Introducing Fanjove Private Island

Laura Thubron
/
November 6, 2018
in
Fanjove

A breath of wind catches in the sail, the creaking of ropes and fluttering of cloth before the fabric fills with tension, and billows to the shape of a perfect crescent-moon that fills the sky. Our Captain turns us a nudge South-West of Songosongo, and as the dhow cuts through the crystal waters it seems as eager to reach Fanjove Island as we are.

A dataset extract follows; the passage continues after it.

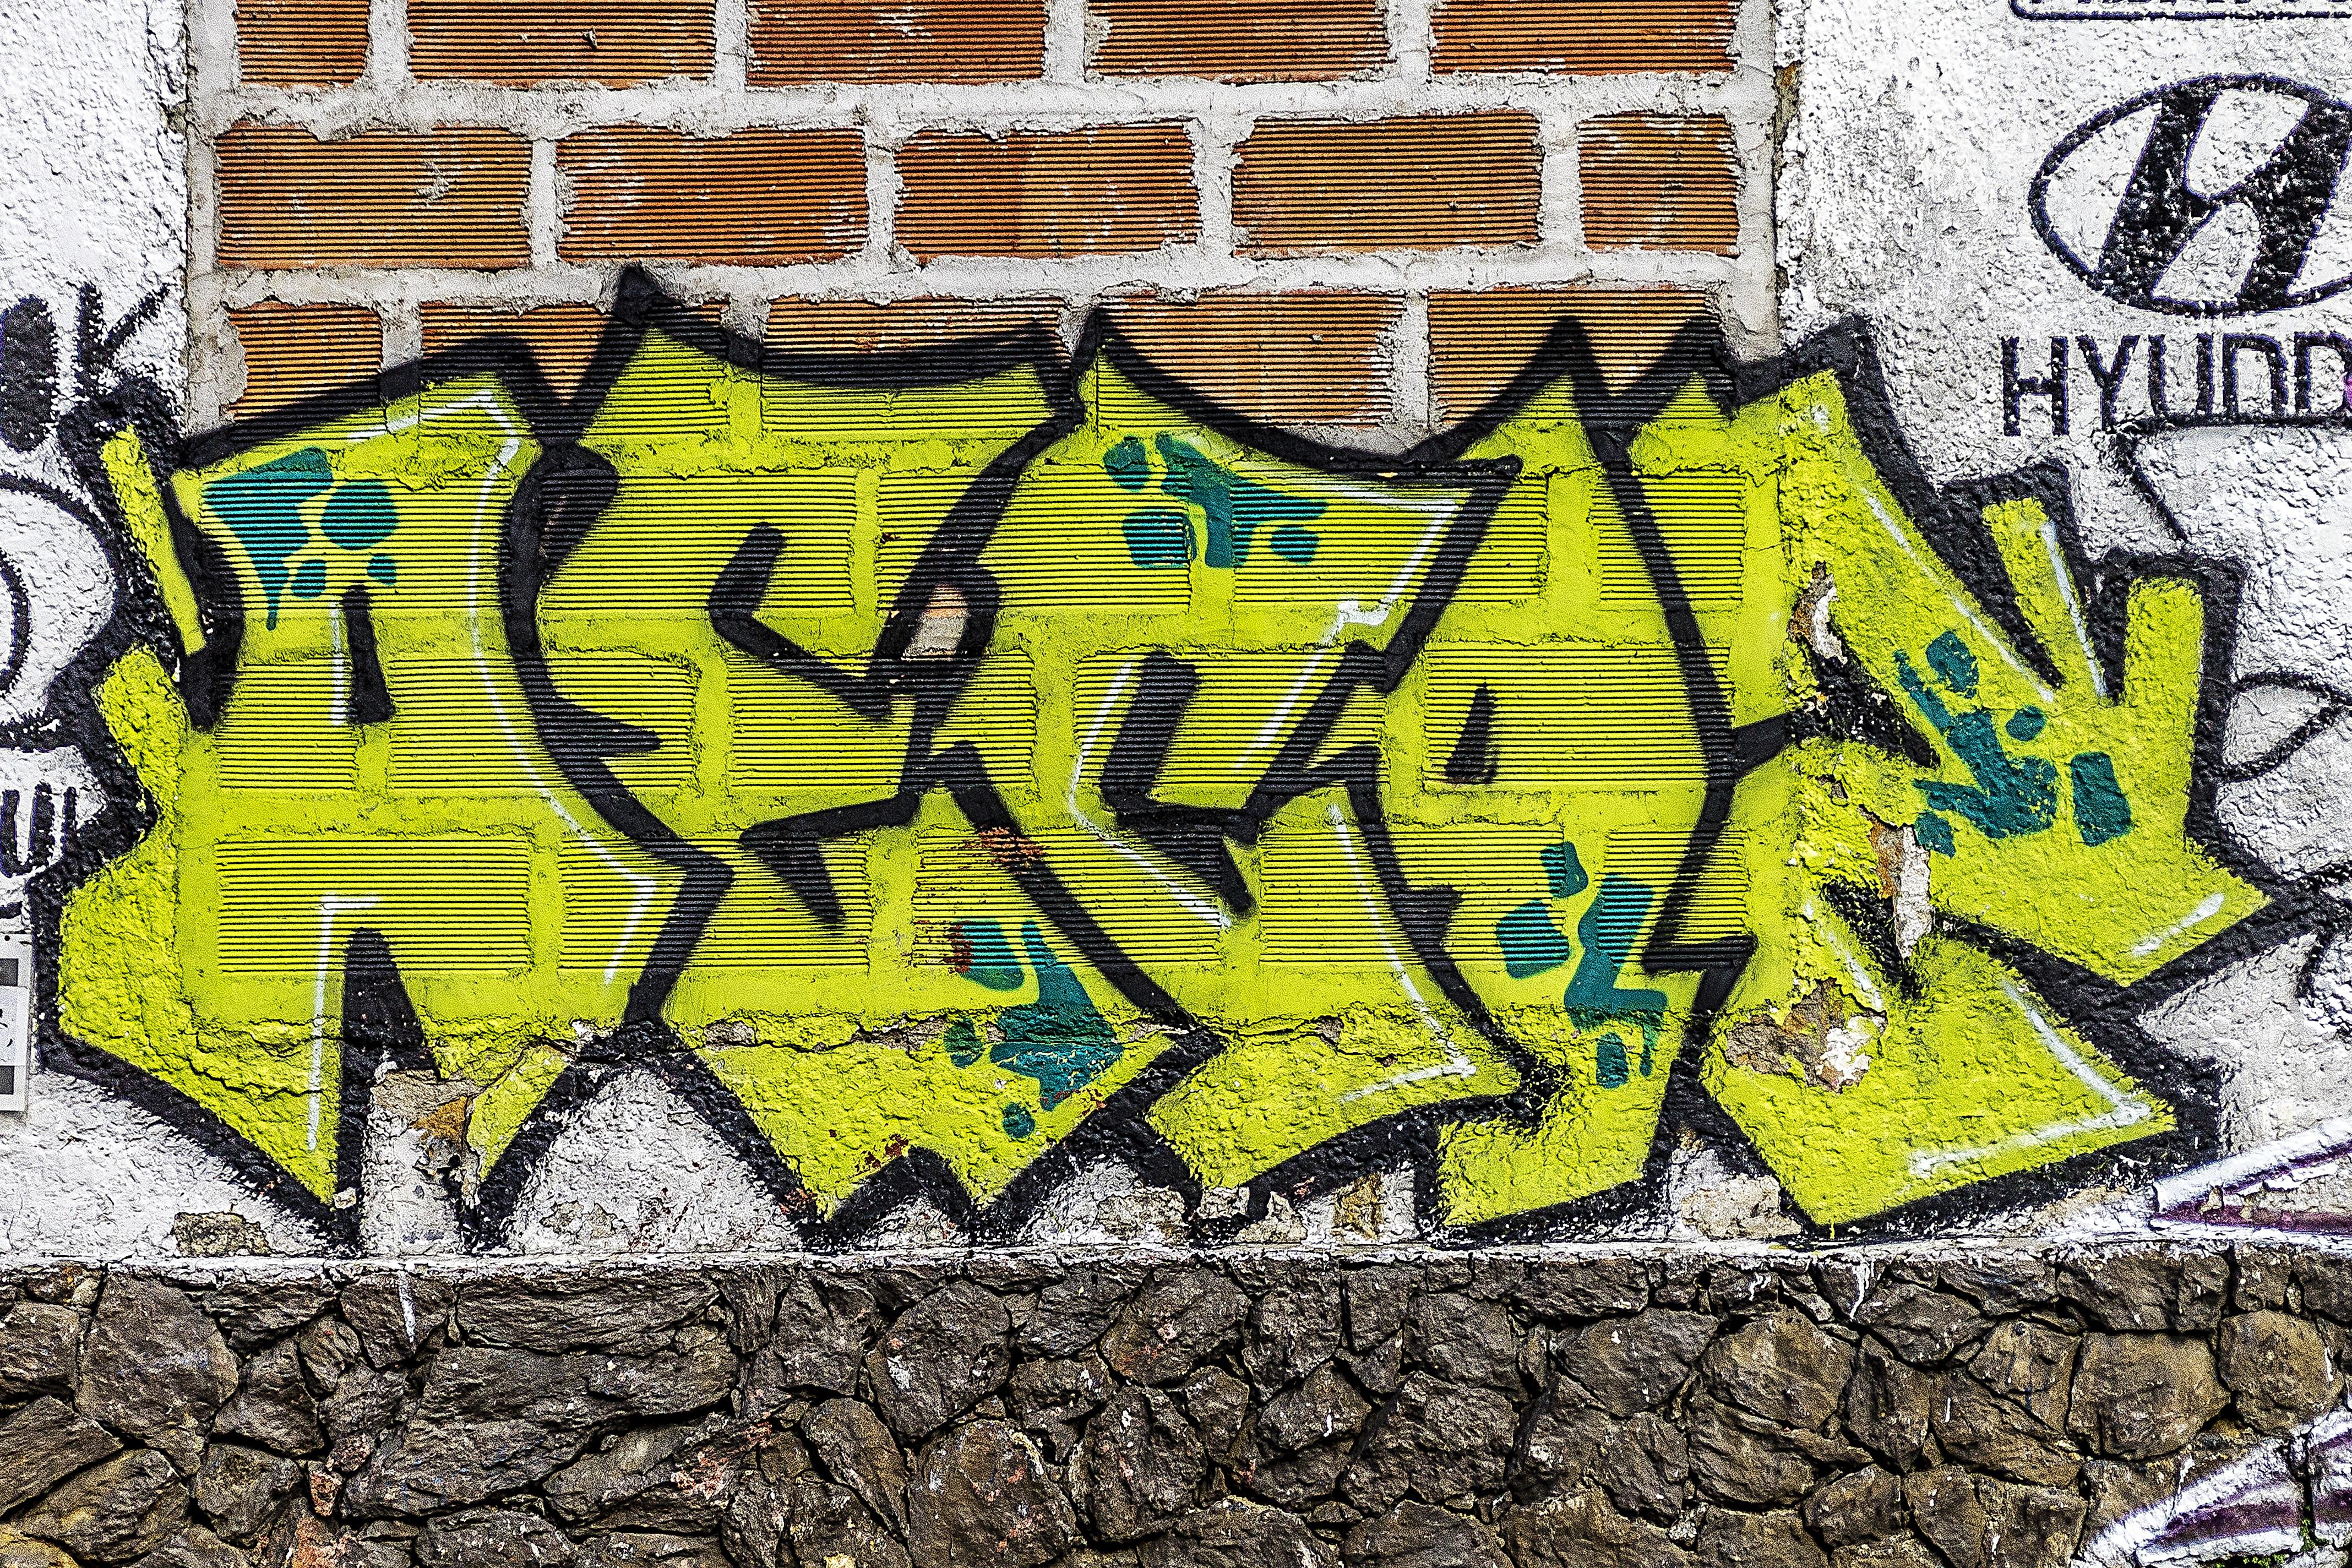 Free Images City Artistic Grunge Brick Wall Street Art

Beautiful and unchanged, the East-African dhow arrival is a quintessential part of the Fanjove experience, I remember my excitement the very first time I approached the island. Connecting the Swahili Coast, dhows can be seen daily, silently passing the island, their glistening white sails in fantastic contrast with the shimmering blue waters. In fact, every drop of fresh water, building material or piece of fruit used on Fanjove, is sailed in using a dhow boat first, and so it is no surprise that when you walk around the island you will see touches that pay tribute to these elegant workhorses.

Stepping onshore, with feet directly into the sea is always a special moment for guests that we love to share with them. I vividly remember the first time I plunged my feet into the warm shallows. Any travel weariness immediately gives way to broad smiles and disbelief as the guests take in the empty white sand beach, watched over by the Island’s historic German Lighthouse.

In the distance, neighbouring Songosongo Island can be seen, home to a forward-thinking community. It’s their cooperation and support over several years that has made the beautiful experience of Fanjove and its surrounding protected waters a possibility. The special relationship between these two islands has seen the successful introduction of several no-fishing zones, rotational reef closures and illegal fishing patrols that have allowed a coral nursery to flourish and the health of the reef to constantly improve. Aside from the obvious perks of living in a veritable tropical paradise (no shoes, surprisingly toned calves and fresh coconuts on tap!), working together with Songosongo community is one of the most enjoyable aspects of my job and I’m very excited to see what we can achieve together in the future.



To truly appreciate Fanjove, there is no better place than to sit at the top of the lighthouse at sunset. From this unbeatable vantage point, you can see the island in its entirety as well as the 11km of coral reef stretching out into the Indian Ocean. To the West you can make out the busy fishing port of Kilwa Kivinje, where the sun is setting, framed by the colourful stratus clouds of November. The rhythms of the day play beautifully here on Fanjove.